You all are probably well aware of what a captcha is. They’re one of the oldest spam deterrents around and they are also one of the more ineffective because bots have gotten smarter. However, they’re still just as inaccessible for those with various disabilities as they ever were. I can’t really speak to anything except for visual impairments, but I think my point is universal: captchas suck. Basically, they make it difficult, if not impossible for those of us incapable of “solving” them to be able to post a comment on a blog.1 And judging from the amount of whinging my non-disabled friends make about them, they’re not much less aggravating to people who aren’t physically blocked by their presence.

Captcha exampleThis morning alone I visited not less than five separate blogs with captchas and the saddest thing was they were all WordPress sites! I admit, I’m not the biggest commenter out there and often lurk around the blogs I read, but I was all set to put fingers to keyboard on each of these blogs and I couldn’t. Yes, spam is evil and it sucks, but fighting it off shouldn’t be at the expense of your potential commenters! And there are other options out there, specifically with regard to WordPress I will say much better options. Since I’m a giver, here’s a few links to some of the ones I use on various sites of my own and/or that I maintain:

Akismet
Pros: It has remarkably good accuracy in spam detection and it learns from each individual site how to perceive spam. Also it’s actively worked on and developed by the same awesome people working on WordPress itself. Best part is, for personal websites, it’s free.
Cons: If you don’t pay attention to your settings, it’ll happily trash comments that might be legit. And while in my experience this is rare, there is the chance that you or one of your commenters could get flagged as a spammer and getting whitelisted can take some time.

Bad Behavior
Pros: It’s stops spam before it has a chance to flood your spam folder.

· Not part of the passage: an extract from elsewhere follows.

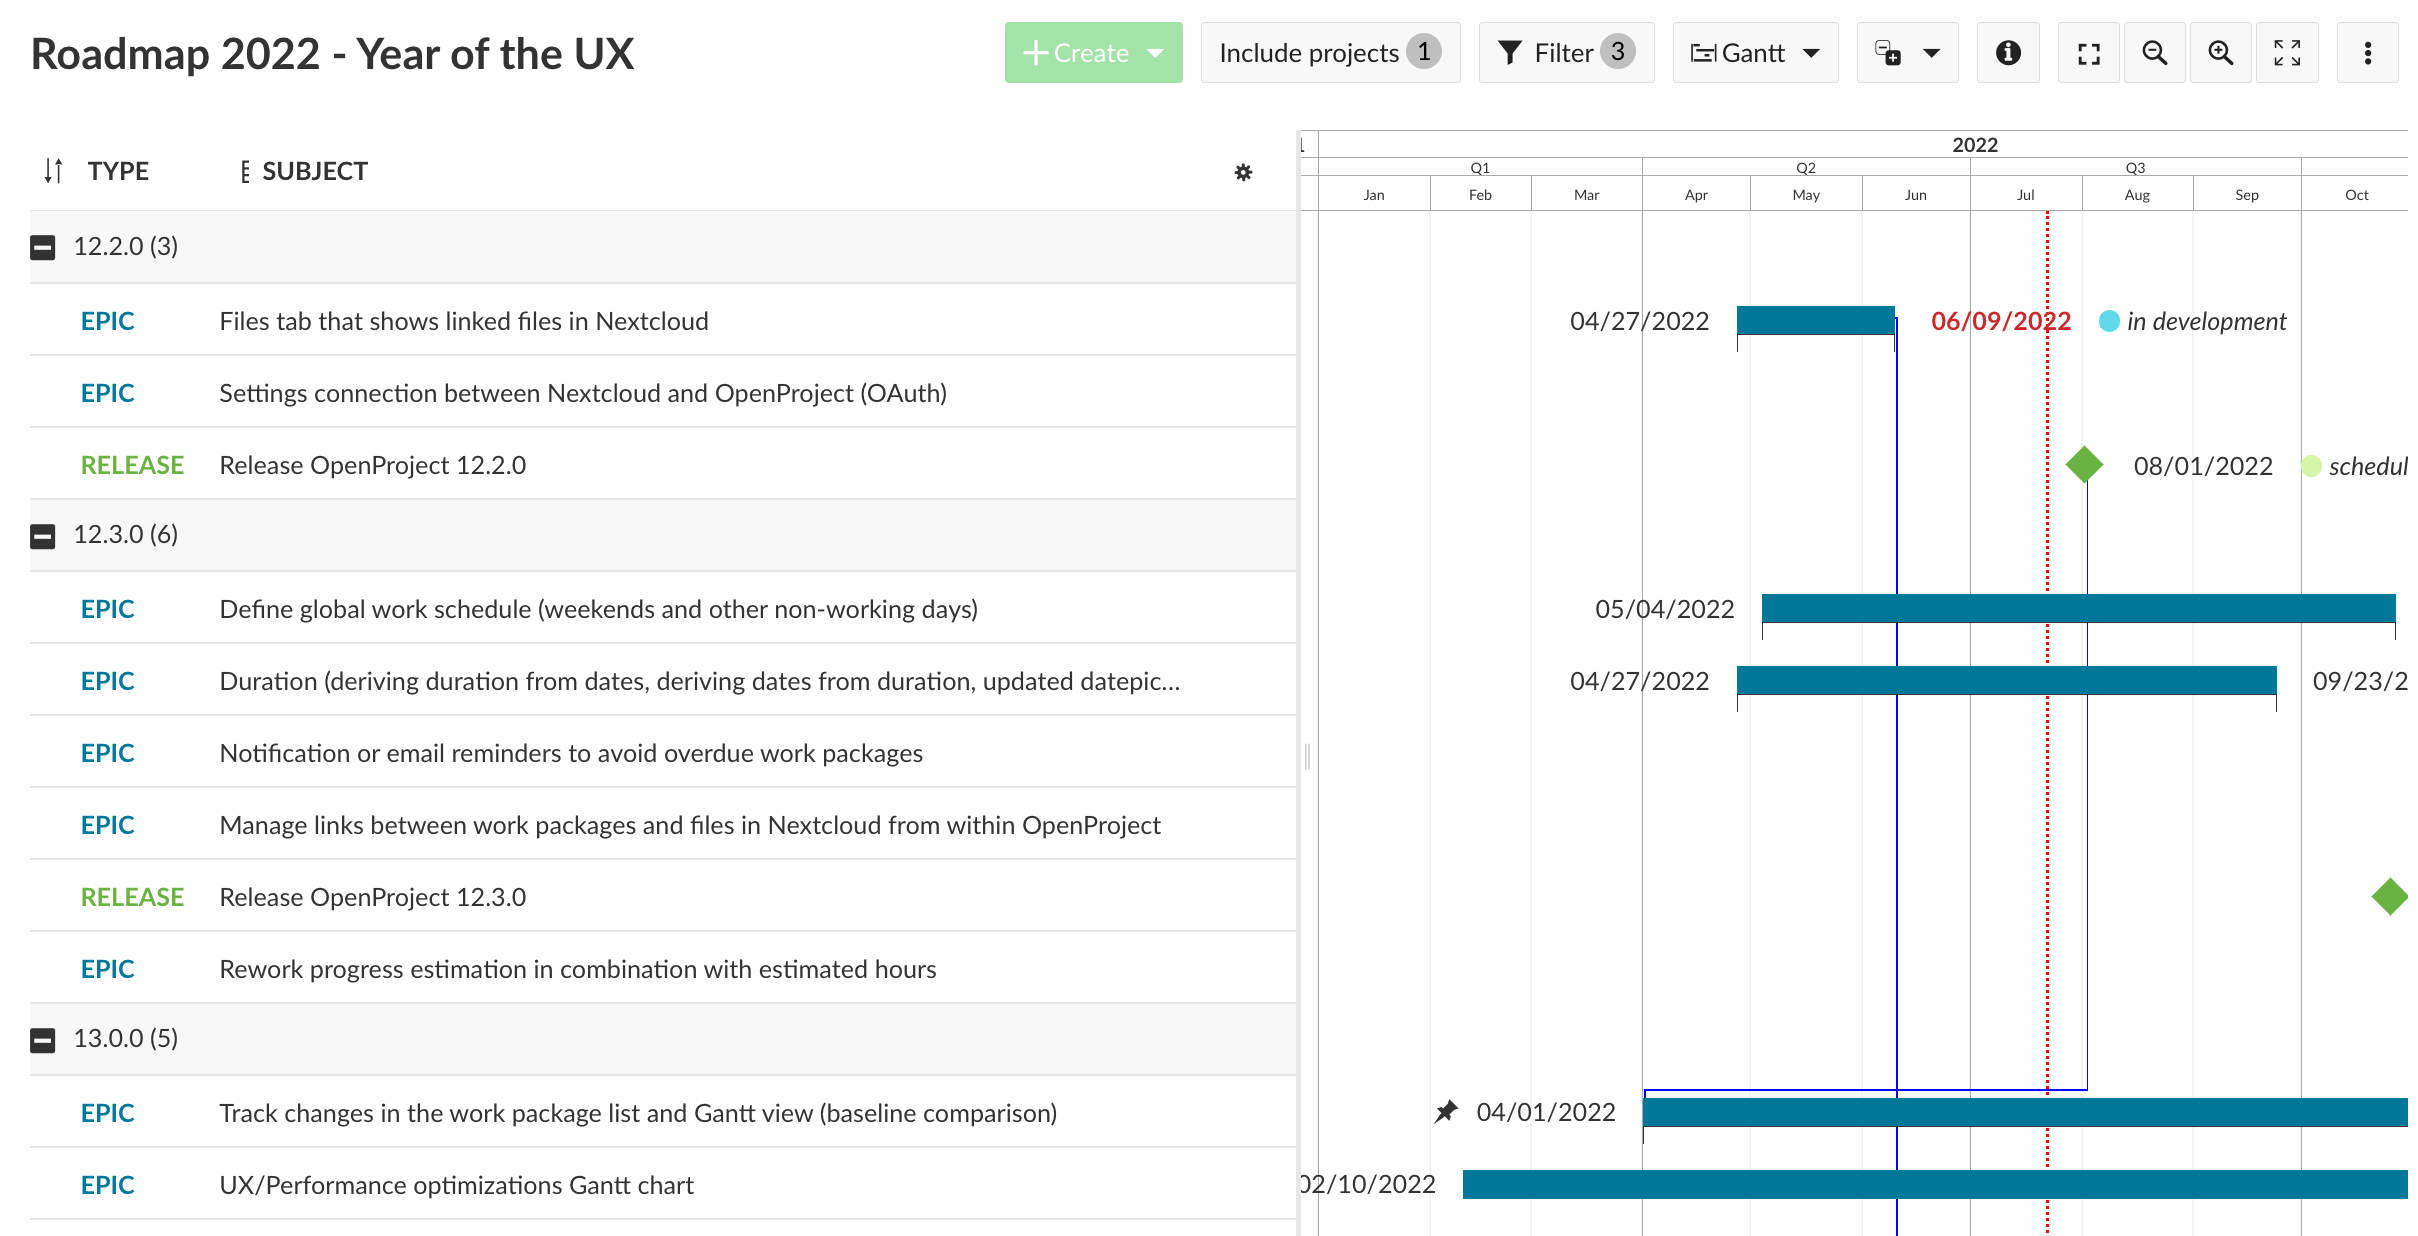 Gantt chart with epics and releases secheduled

And it’s been actively developed since before Akismet first came on the scene. (In fact, I’ve been running it on my website since it first became available.)
Cons: I’ve heard of reports where people have installed it and then found themselves unable to access their own websites. (Personally, the only time I’ve experienced any trouble with it was a few years back when the plugin writer accidentally set the wrong blacklist in the code and inadvertently blocked every user of the plugin!)

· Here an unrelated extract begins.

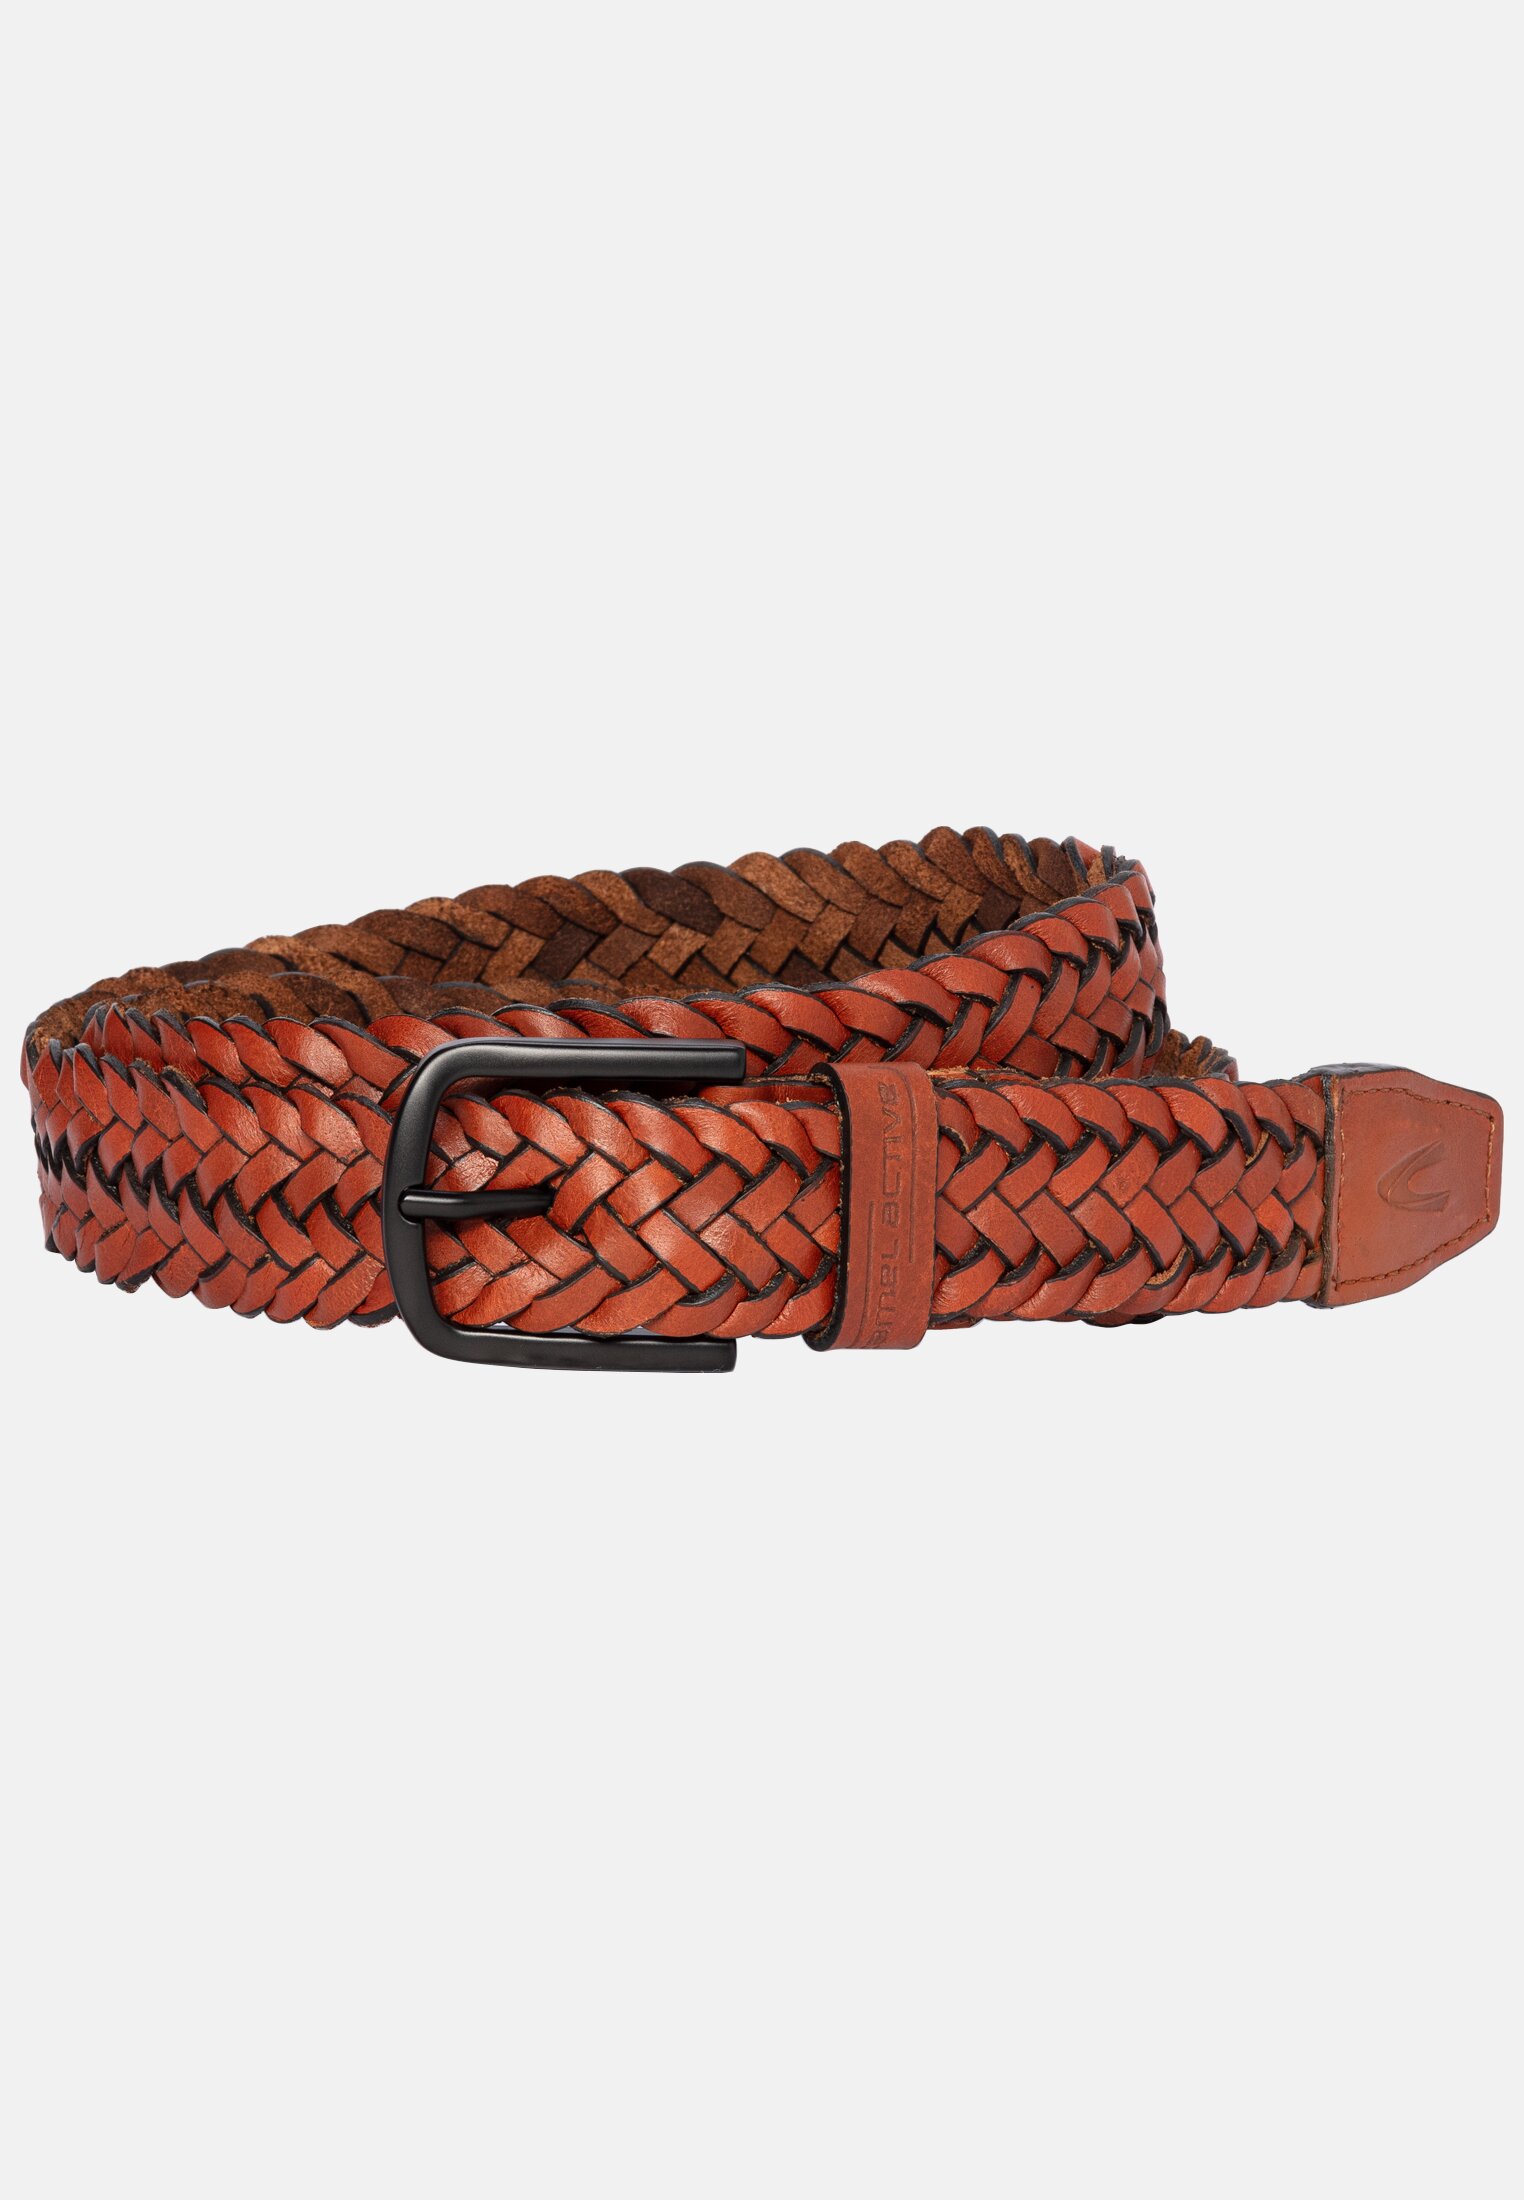 Camel Active Braided leather belt

GrowMap Anti-Spambot Plugin (G.A.S.P.)
Pros: None of the drawbacks of Akismet or Bad Behavior potentially thinking you or other legit commenters are spammers. And you probably won’t have to edit your theme files to get it working. (Also, if you’re like me, you can leave snarky error messages for people who don’t read the rules and forget to check the box.)
Cons: It won’t stop persistent bots from sucking up bandwidth while they keep trying to get through your comment form. Also, it doesn’t stop trackback spam — unless you don’t allow any trackbacks — but there is a plugin for that.

CloudFlare
Pros: It basically does all the security work before anything hits your website, so you don’t waste precious bandwidth on evil spam.
Cons: It’s a paid service, though, they are partnered with a ton of web hosting companies to offer free/discounted services.

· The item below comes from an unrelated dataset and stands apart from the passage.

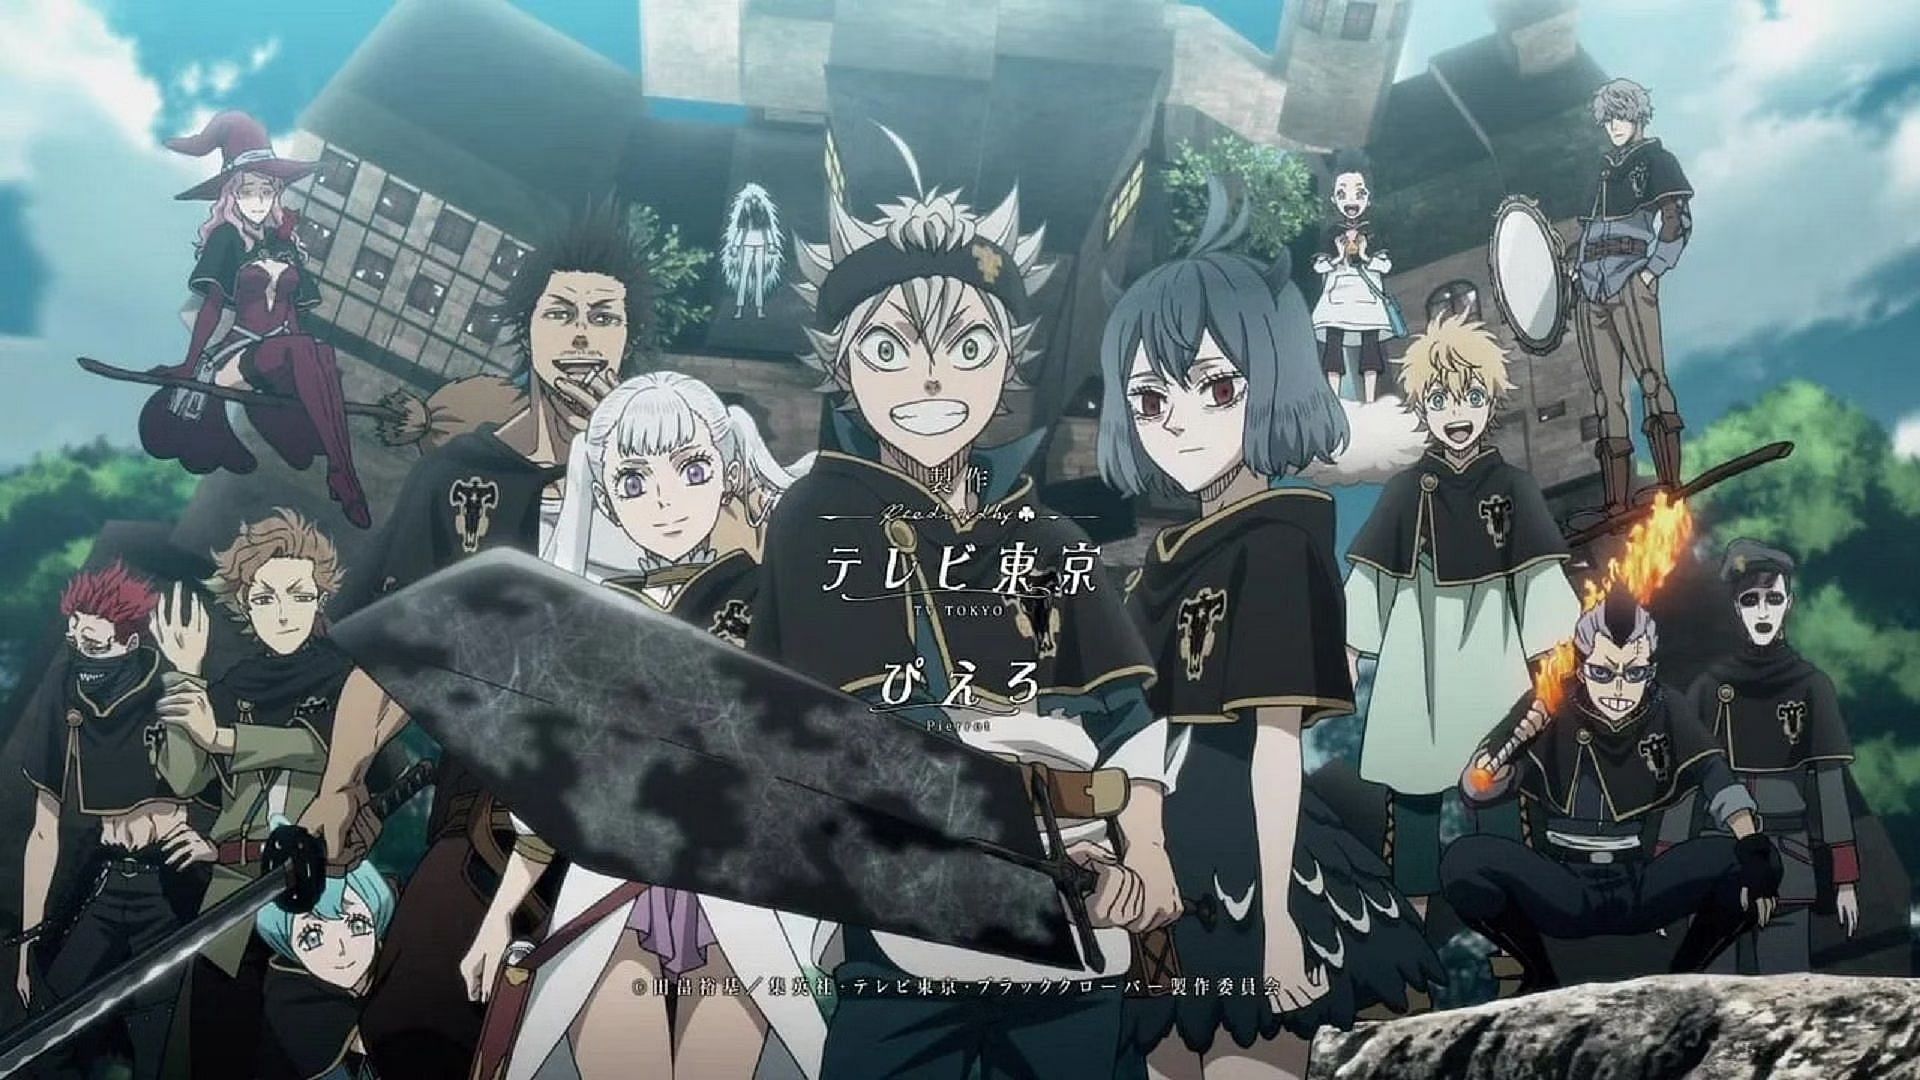 Will Black Clover end this year? explained

I’m personally a fan of the Akismet and Bad Behavior combination and have been using it on my website since 2007 with absolutely zero issues. I also heartily recommend CloudFlare and I would actively use it on my own website if it didn’t screw up the redirects I have in place . . . and also I’m not particularly fond of the fact that it forces the www2 in the URL. But CloudFlare not only secures your site, your account gives you access to all kinds of additional apps like automatic daily backups and file monitoring.

And while they come with their own set of pros and cons, it is worth mentioning that both IntenseDebate and Disqus have built in spam filters and don’t use captchas. Sortakinda win?

  1. Or whatever area of your website is being “protected” by captcha.
  2. At the very least it’s redundant, if not depreciated.